Warner was then called on again to make an awkward save from Gareth Williams for a corner before Alan Maybury went close with a fine volleyed effort after Levi Porter's initial shot had deflected out to the defender.
Yet, for all of Leicester's dominance, The Cottagers drew level ten minutes before half-time, as Tomasz Radzinski eluded McAuley on the left before crossing for McBride in front of Leicester's goal.
The big American took the ball under control before slamming it past Foxes goalkeeper Paul Henderson.
The goal came against the run of play, but it did not deter the Midlands outfit, as they took a deserved lead into the break when McAuley beat his marker Queudrue at the far post to head home Porter's free-kick from the right.
The start of the second half saw Coleman introduce January loan signing Montella for the largely ineffective McBride, but it was a Leicester substitute who further extended their lead shortly after the restart.
Wesolowski had replaced Danny Tiatto before striking a fine shot past Warner from the edge of Fulham's box to give Leicester a 3-1 advantage.
Yet, just as it looked like The Foxes could think of hosting The Potters, Montella's introduction had the desired effect four minutes later.
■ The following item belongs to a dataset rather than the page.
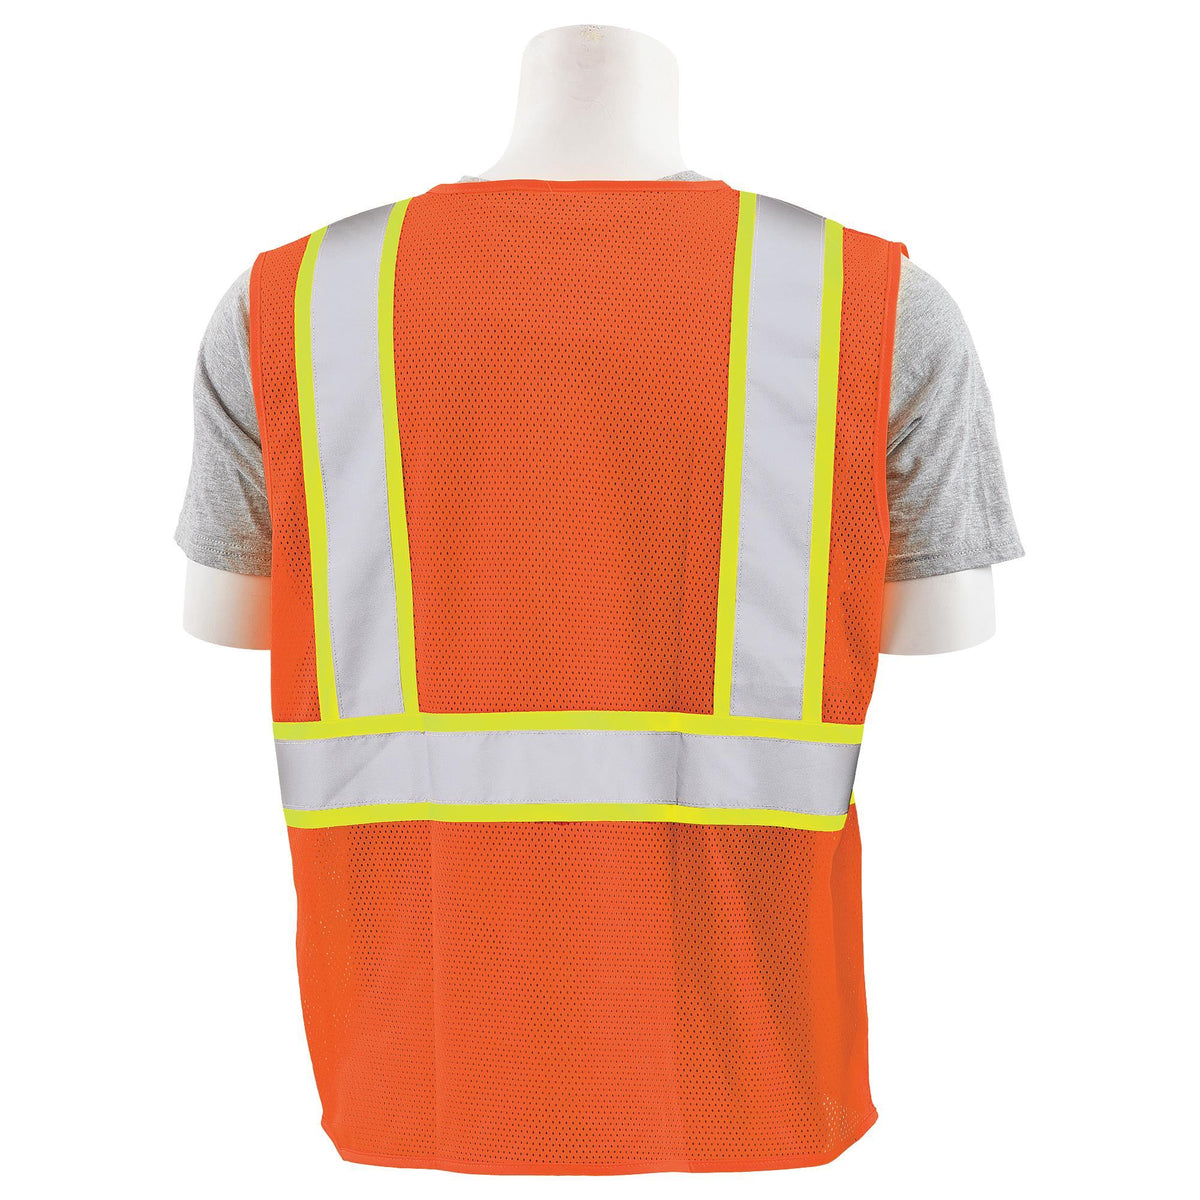 S195C Class 2 Flame Retardant Treated Safety Vest 1PC

The Roma hit-man scored his first goal for Fulham with his first touch when he easily converted Michael Brown's low cross across the face of Henderson's goal to make it 3-2.
The momentum started to swing Fulham's way, with Radzinski and Montella having efforts before Christanval brought some brave goalkeeping out of Henderson from a goal-mouth scramble.
On the hour mark, Montella got his second of the game when Routledge's corner flicked off a Leicester head to the Italian at the far post, and he could not miss from a yard out.
It proved to be a pulsating cup replay at this stage, with Fulham looking full of confidence going forward.
Queudrue was frustrated to see two headers from Routledge corners blocked away by the visitors before Henderson did well to save a similar headed effort from Bocanegra at close range.
Moritz Volz looked to strike a spectacular winner for the home side, but the German's effort from Montella's chipped pass flew wide.
Both sides continued to battle into injury-time, and though the game seemed destined for extra-time, Fulham completed their comeback through some dogged play from Routledge.
Though he seemed to be impeded by Wesolowski and Maybury, referee Alan Wiley allowed play to carry on and the former Crystal Palace winger took advantage by running towards goal and finishing past Henderson for Fulham's winner.
Their reward for winning Wednesday's cup tie is another game with a Championship opponent in Tony Pulis's Stoke in round four.